The issue of impact (or purpose) does not evaporate the moment you depart your homeland for some strange land.
Granted, some poopoo on purpose altogether. They claim that there really is no purpose to life, other than to live it. And then still others will tell you the purpose to live this life is to improve one’s lot in the next one to come…the so-called “afterlife.”
I don’t want to get overly spiritual here, but then again, the concept of “impact mindfulness” does have spiritual implications. It is inextricably intertwined with the idea that we do indeed have a unique purpose. And that purpose is the impact we have one lifetime’s worth of opportunity to make on this world…not so much for our own good, but for the good of everyone and everything else.
Impact mindfulness is at its essence an altruistic mindset. There is this ideology that has taken hold throughout our world that eschews altruism. It’s the idea that one should place a priority on self-interest, especially economic self-interest. The idea that if we all do that, and if it can be done without government interference, then the pie gets bigger for everyone. That’s the essence of the neoliberal, Randian, ideology. In my opinion, it has made the world a far less hospitable place. It has unleashed the forces of absurd global wealth inequality in which 8 human beings now own more wealth than 50% of the entire world population. It has unleashed the forces of global warming, which threaten the next great extinction of life on earth.
The answer is to reject that idea by pursuing your highest and best purpose to make your positive impact on this troubled world! If enough humans do that, well, perhaps we can have hope for the future.
Now, you might be asking, what does that have to do with my interest in becoming a Costa Rica expat? It has to do with the unique opportunity you will have in making an impact as as expat.
I can only speak from my own experience. Living as an expat has opened my eyes and my heart to certain things that I was blind to before. I think it started by simply observing the phenomenon of nonmaterialistic happiness. I thought one had to aspire to the American Dream to be happy. That you had to “have money” or economic power to truly be happy. Well, here in this country I found folks with no money nor economic power who were happier than most in the U.S. who’ve got gobs of it. How could this be, I asked myself?
A few years after my arrival Al Gore’s documentary, An Inconvenient Truth, came out. At first I was too busy trying to make a buck by building a business in Costa Rica to really pay much attention. However, gradually it dawned upon me, and the documentary helped in that regard, that if we lose Costa Rica’s natural beauty, then the reasons people come in the first place would vanish and my business along with them. So, I started paying more attention to the natural beauty of Costa Rica and how this global warming thing posed a threat to it.
I also begin to notice, with the help of some Latino friends, that U.S. interventionist policies had for the most part tended to benefit the U.S., but at the great expense of other peoples and the planet.
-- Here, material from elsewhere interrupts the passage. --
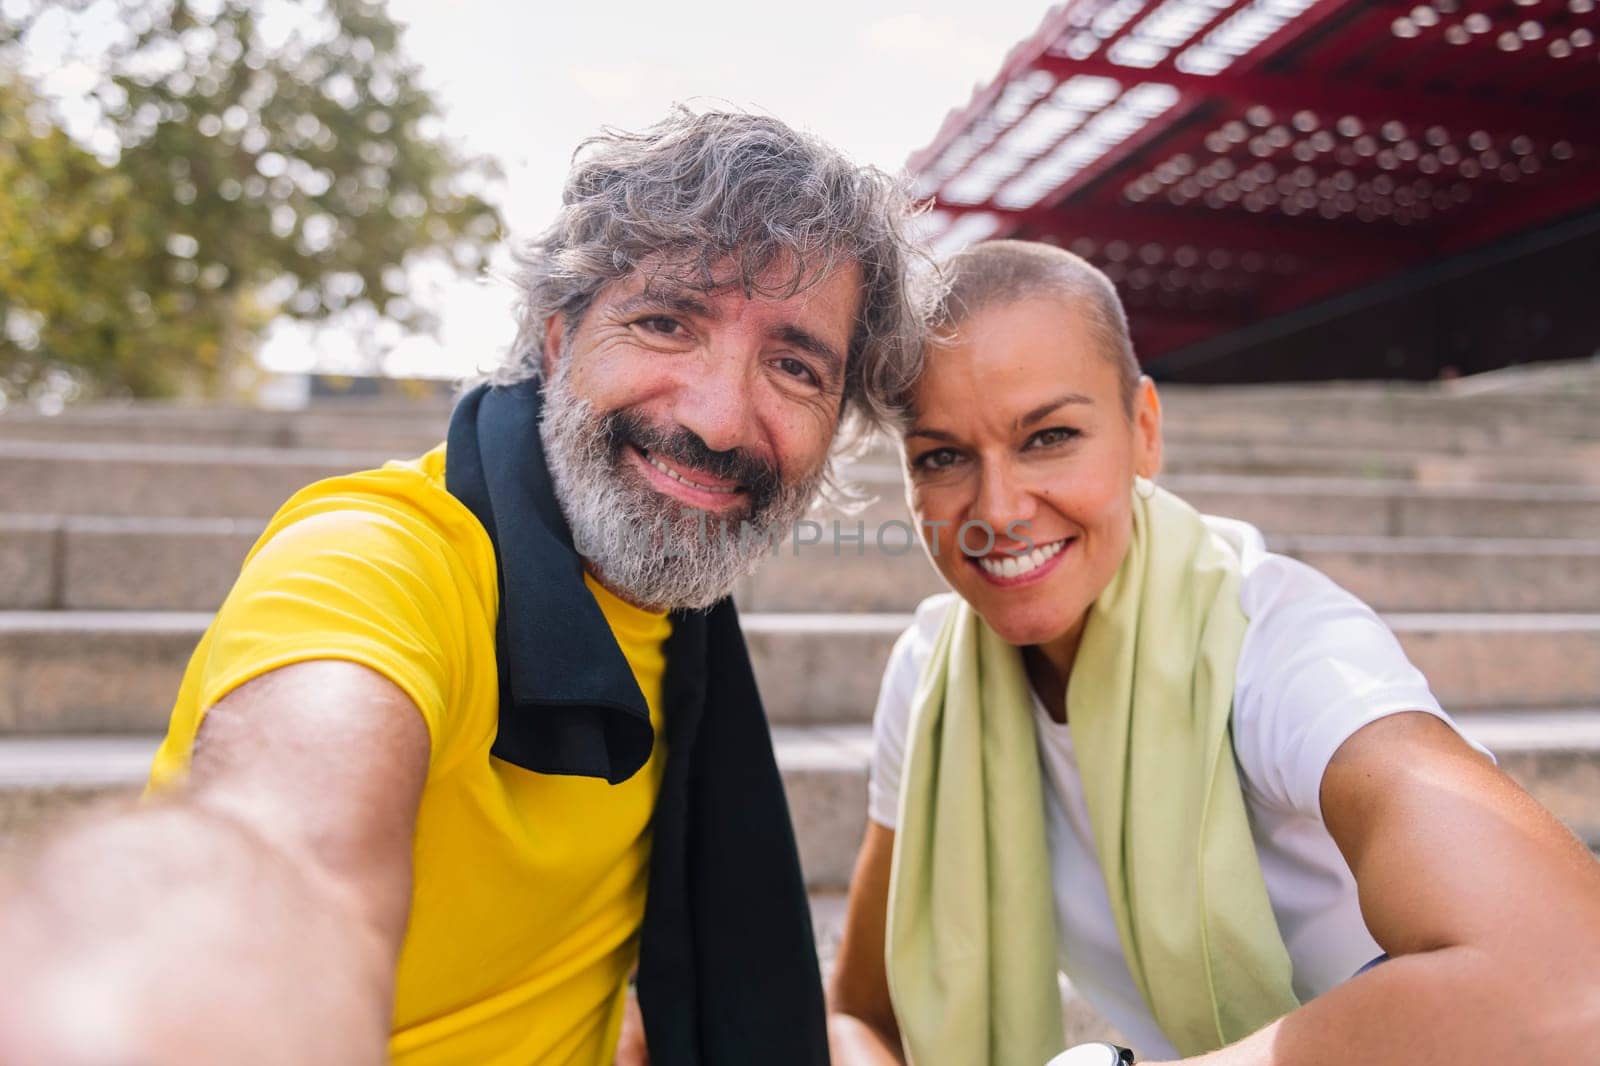 selfie photo of a smiling senior sports man with his personal trainer while they rest after training, concept of technology and healthy lifestyle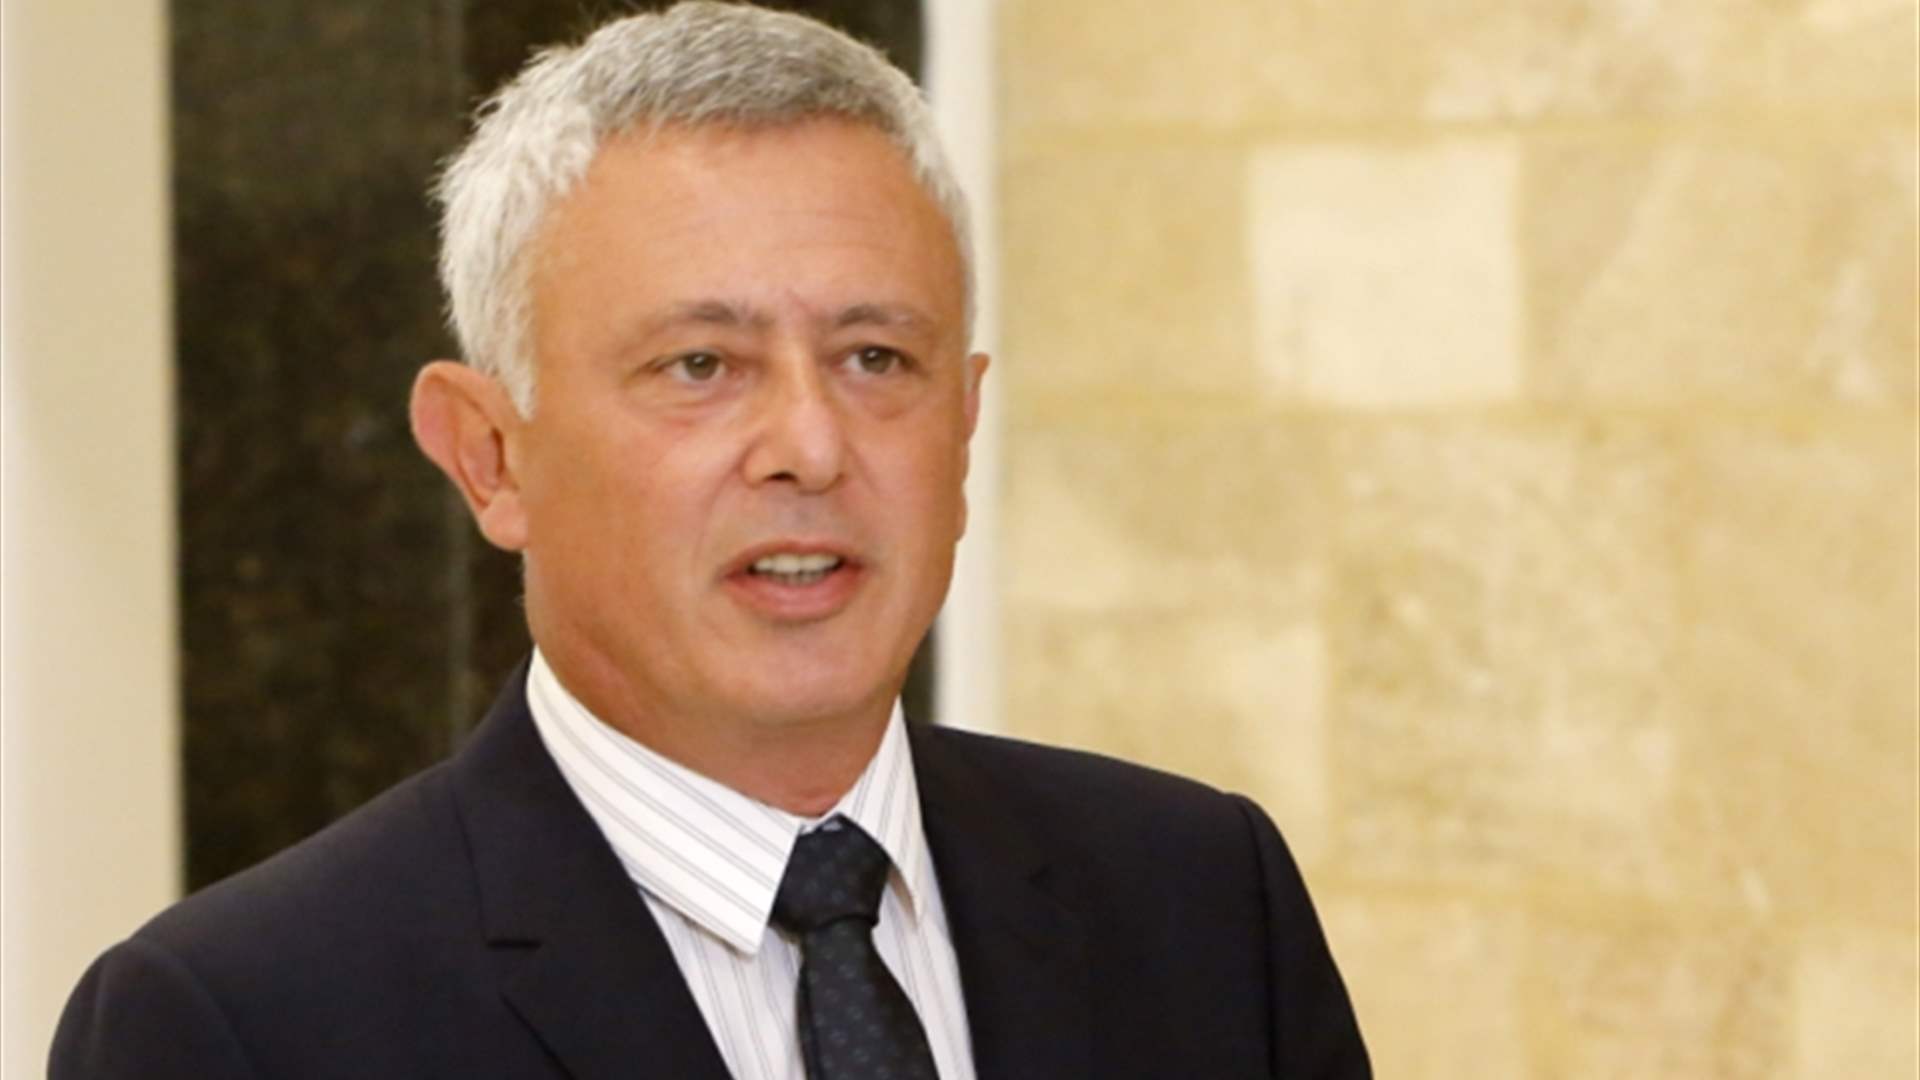 Paris to Frangieh: Debate over your nomination still ongoing

My politics gradually began to change as the result of having the opportunity to be an American on the outside looking in.
I started to blog about all these new revelations of thought that I was experiencing. In fact, I blogged 365 times about them in my first blog entitled, 365 Reasons I Love Costa Rica.
All this culminated in this mindset, or ideology, that I now call impact mindfulness. And I don’t think that I would’ve ever experienced this paradigm shift if it were not for my expat experience.
Now, have I done great things to change the world? No, I haven’t. My primary way of making an impact as an expat has been by writing and expressing my opinion. It’s what I do and what I’m most passionate about. I feel it’s my positive path to greatest impact. Yours, of course, will likely be entirely different, depending on your unique talents and interests.
But the point is that I strongly believe that the expat experience can be for you what it has been for me…a transformative one. If you keep that open mind that I suggested in an earlier chapter, it can and probably will remove impact blinders and open your eyes and heart to your unique purpose.
Many come here with that idea already firmly in mind. Others not so much initially, but gradually come to it. The bottom line is that if you actually go through with your expat plans, get ready to undergo some radical changes in how you view the world. And that can be a very good thing!
My hope is that making an impact as an expat, in your own unique way, will become the purpose that brings you joy and fulfillment and helps the world become a better place for all of us.